My home base was an island fortress, bought at a steep discount from my patron goddess when she upgraded to an entire planet. Formalizing an apotheosis demands the candidates to meet certain asset thresholds, but once they're in, they only have to pay an occasional renewal fee. She could have ascended by taking charge of a populated region, but she has no interest in worshipers. A barren planet seemed a more attractive choice… until she realized the need to terraform it. In the end, she had to move back into this fort as my tenant until her planet is ready.

As I was being cleaned of every atom of dirt, I brought up a HUD from another world where we'd deployed. Switching to the party status menu indicated that most of our forces were off conducting airstrikes against the usual targets. The goddess herself was busy on Earth; those feral hogs in Texas weren't going to trap themselves. Still, when I checked this morning, there were only four digits, not five. We would have to purify them for quick removal of their gameyness, followed by three weeks of forcefeeding them corn for further fattening. At set intervals, we'd slaughter a few and roast them, ostensibly for quality checks.

The decontamination protocol finished as I moved on to my financials. Selecting the divine realm's file displayed my outstanding liabilities. With the money I'd earned from the saint gig, I could pay off the worst of my loans.
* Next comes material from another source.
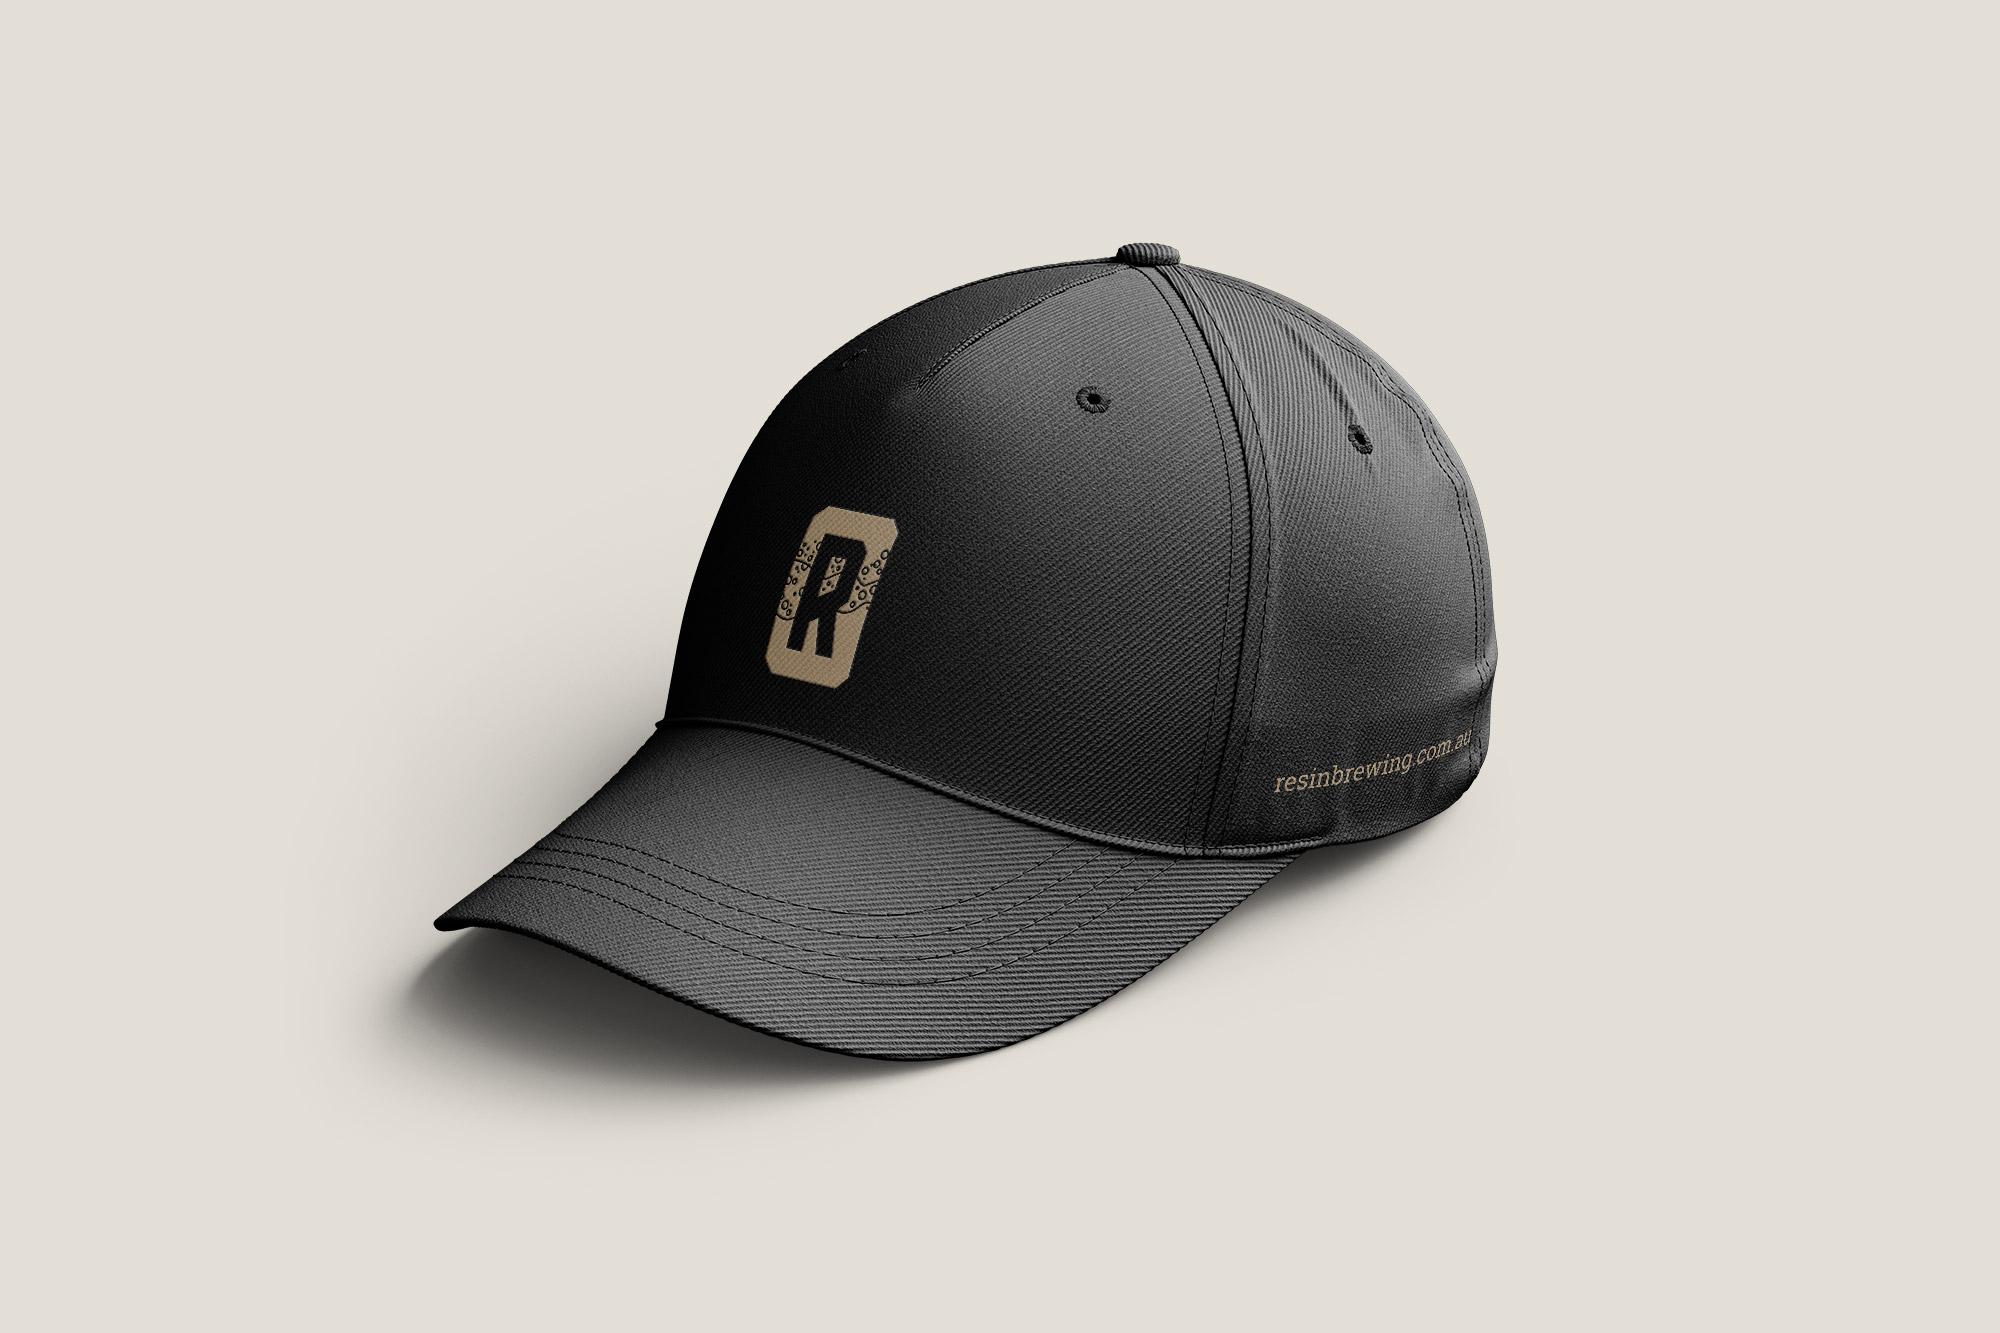 RESIN BREWING CAP

While the chamber started its next program of restoring me to a well-rested state, I summoned my item box and focused on the appropriate item type, a bunch of crystals of various shapes, sizes, and colors. Grown from purified mana on my assigned world, they were good as gemstones, power sources, and a dozen other uses. To me, they're like pearls.

They're a pain in the ass.

A pearl is essentially calcium carbonate and conchiolin coating an irritant, commonly a grain of sand. Crystallization is a process used to purify chemical compounds, and since I purified mana, that should be a hint that tainted mana also exists. Indeed it does, and we have a name for it: miasma.
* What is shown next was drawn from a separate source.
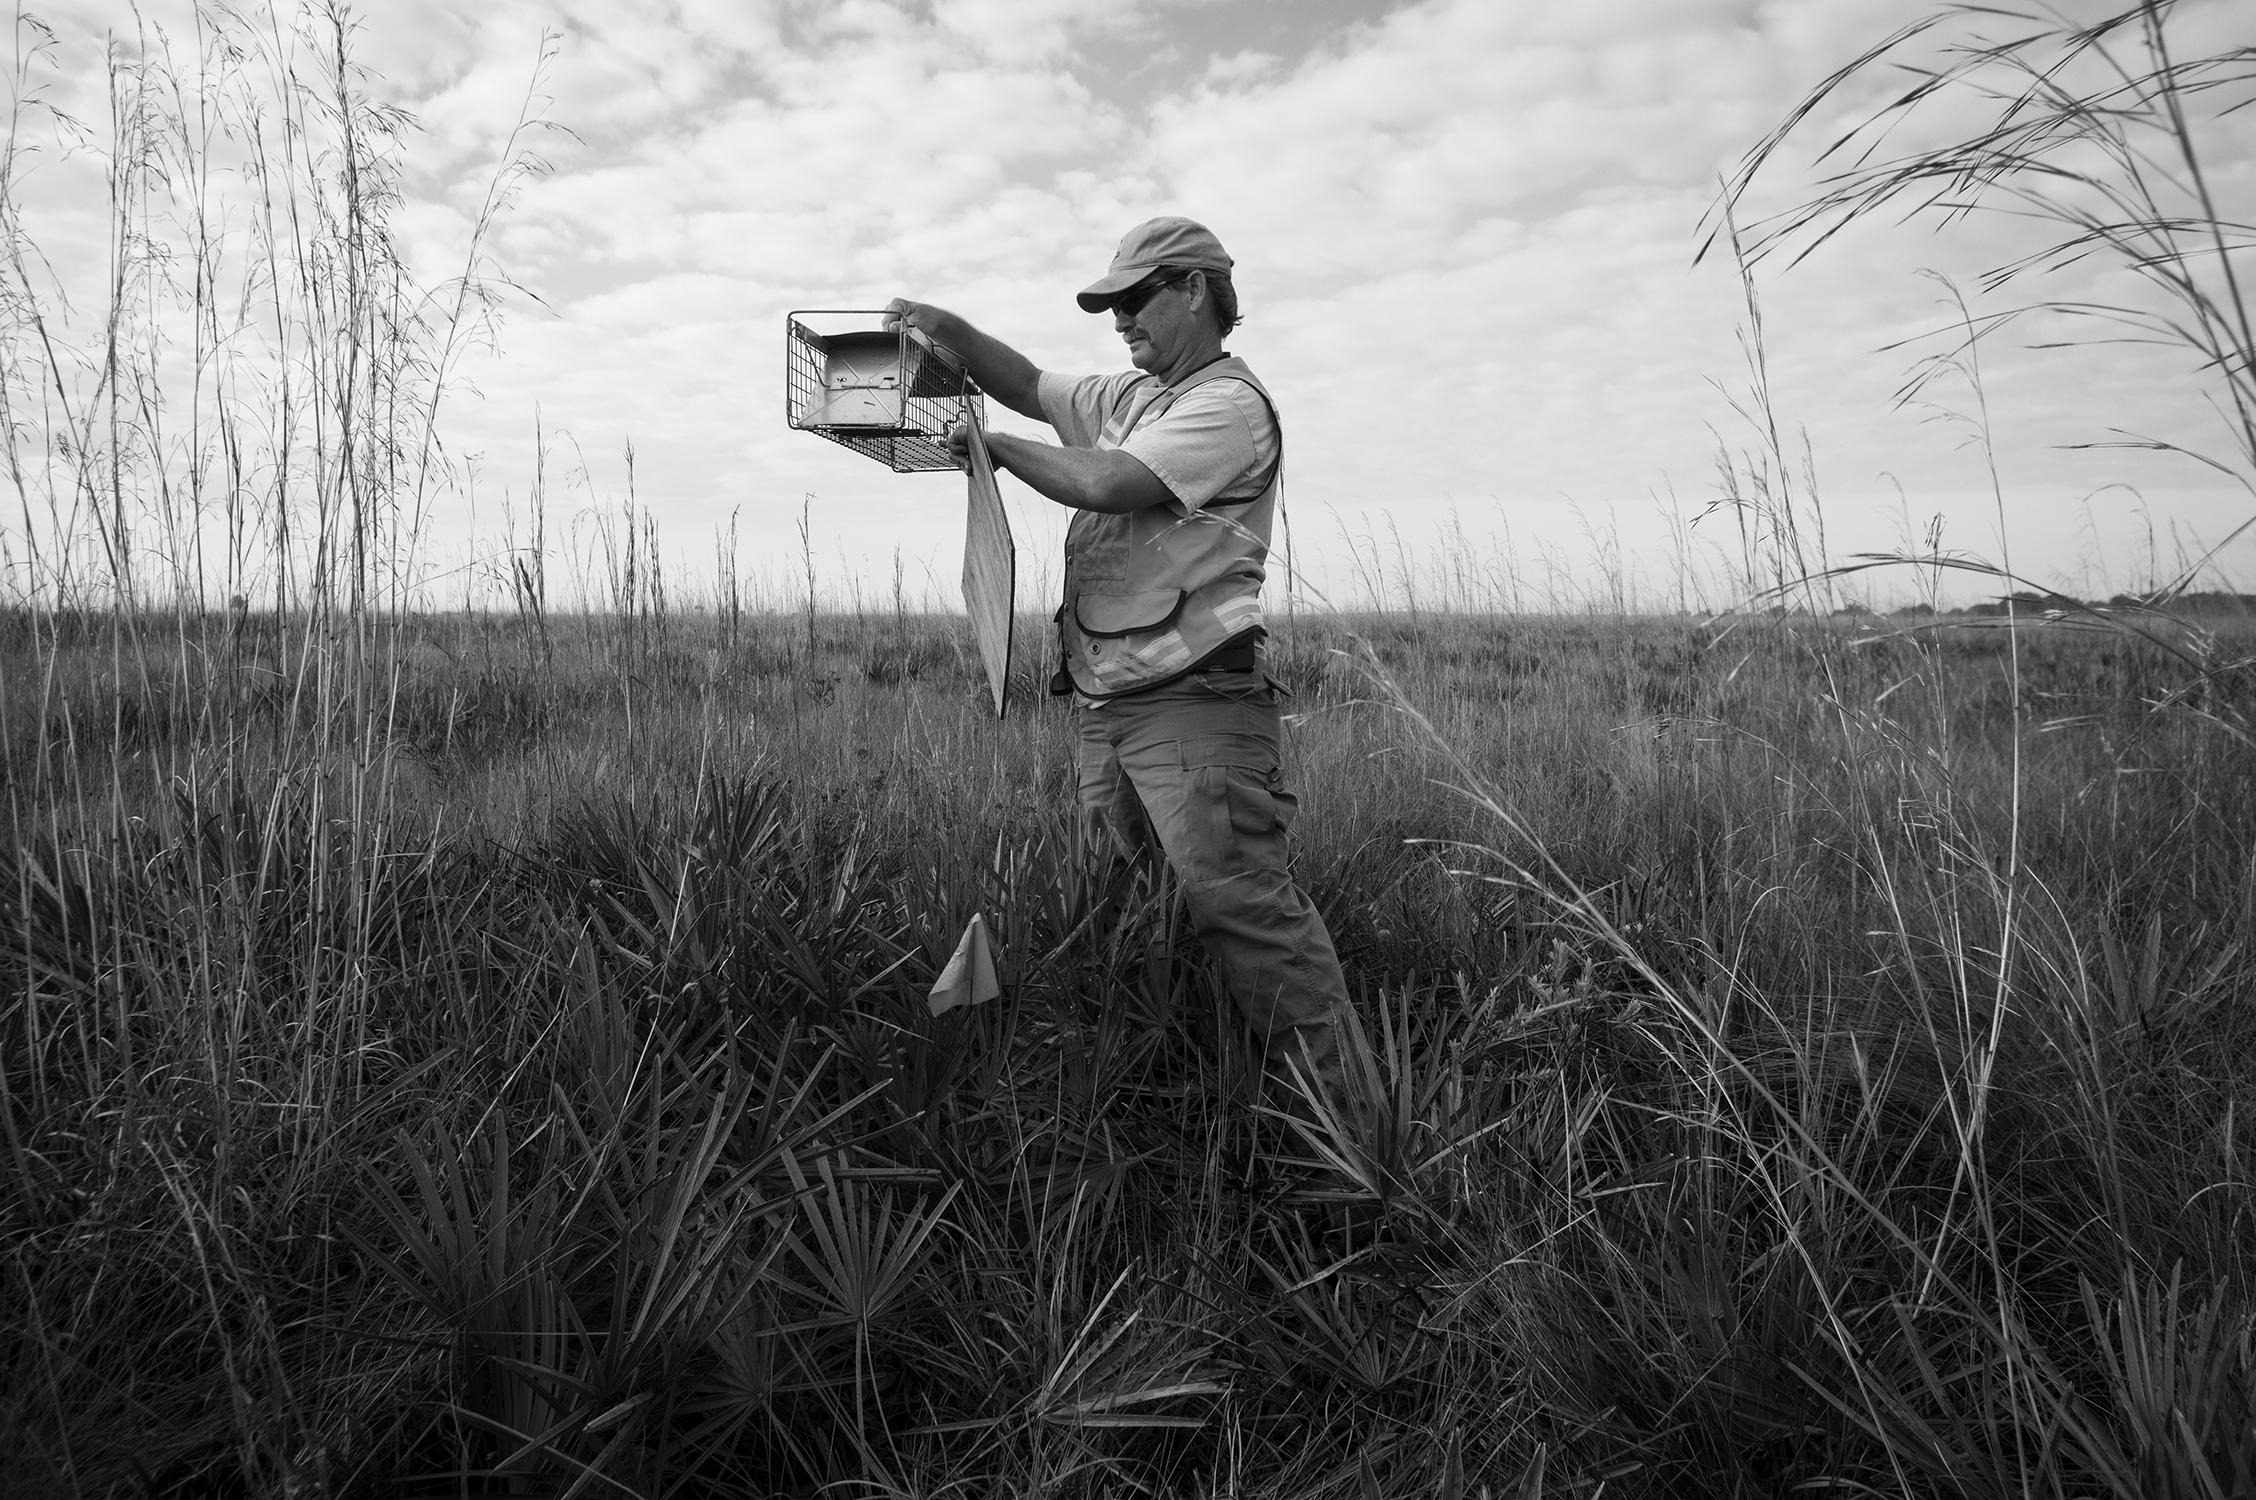 Biologist Steve Glass checks a mammal trap for Spotted Skunks.

When magic is used, mana is converted into its waste form, miasma. When enough miasma accumulates, polluted areas experience corrupted monster outbreaks. If it gets even worse, demon lords arise. To clean up the pollution, worlds summon heroes to exterminate the monsters or saints to purify the land. Whatever the method, the purified mana drops as crystals, its most concentrated form.

Mana crystals happen to be the interdimensional standard currency, even among the divines. The fact that they can be moved between worlds implies the possibility of mana depletion. Of the populated worlds, the most infamous case is Earth, leading to summoned labor becoming its primary export. We've been trying to restore mana to Earth, and while it's possible to convert other types of energy into mana, it entails seed crystals and a suitable source, like concentrated sunlight.

Anyway, I deposited the crystals I'd earned and paid off the two creditors with the worst interest rates. Scores remained, but I'd finally salvaged something from a busy day.

"Yo, Vagrant! Drifter One here!" Of course, the goddess just had to choose this point to interrupt. Perhaps wishing for a few minutes' rest was too much. "I'm coming in with a load of captives! Get on the tarmac ASAP!"

I sighed in defeat. "Drifter Two copies," I answered. "See you topside, Hobo."